# HGH Fragment 176-191 usage protocol for fat loss



## runner2015

*I have bought:*


2mg of HGH Peptide frag 177-191

10 ml sterile water

0.5 cc insulin syringes


*Can anyone please confirm I have understood the usage correctly:*



Is the dosage for HGH Frag mcg/day or iu/day?

I mix 2ml sterile water with 2mg HGH frag - to get a 1000mcg/ml concentration

I want to use 200 mcg / day (Would 400 mcg be better??)
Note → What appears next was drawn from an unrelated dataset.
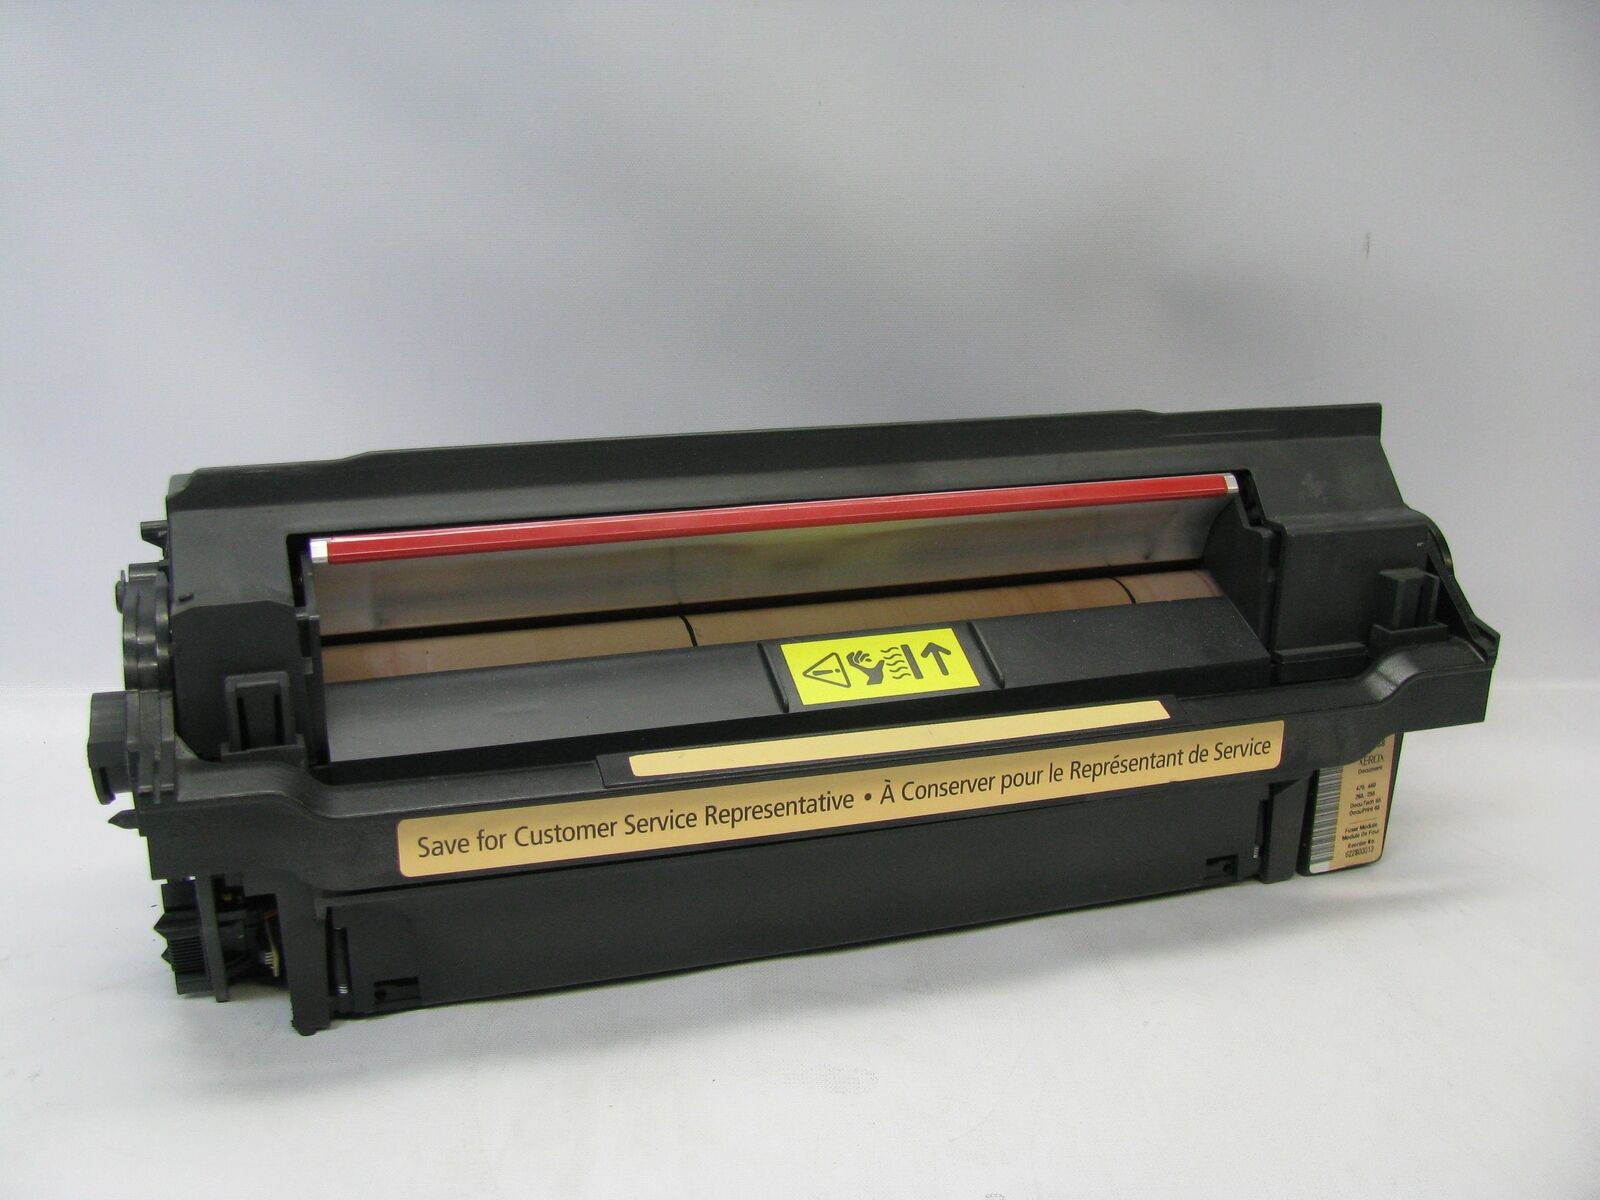 Xerox 109R330 Fuser Module

I draw the HGH frag to 20 on my 0.5cc insulin syringe and inject into fat site


Complete 30 - 60 minutes of steady state cardio exercise and do not eat anything for the next 3 hours


*Is this protocol for fat loss pretty accurate or can anyone please advise?*

Thanks

R


----------



## 3752

runner2015 said:


> *I have bought:*
> 
> 
> 2mg of HGH Peptide frag 177-191
> 
> 10 ml sterile water
> 
> 0.5 cc insulin syringes
> 
> 
> *Can anyone please confirm I have understood the usage correctly:*
> 
> 
> 
> Is the dosage for HGH Frag mcg/day or iu/day?
> 
> I mix 2ml sterile water with 2mg HGH frag - to get a 1000mcg/ml concentration
> 
> I want to use 200 mcg / day (Would 400 mcg be better??)
> 
> I draw the HGH frag to 20 on my 0.5cc insulin syringe and inject into fat site
> 
> 
> Complete 30 - 60 minutes of steady state cardio exercise and do not eat anything for the next 3 hours
> 
> 
> *Is this protocol for fat loss pretty accurate or can anyone please advise?*
> 
> Thanks
> 
> R


the effective dose is 500mcg

if you mix the 2mg with 2ml of water then each 10u on an insulin pin will give you 100mcg

500mcg is the minimum dose for this peptide to be effective

to get 500mcg you draw up to 50 on an insulin pin then inject SubQ

inject 30-45min before cardio, you are fine eating within an hour of finishing your cardio.....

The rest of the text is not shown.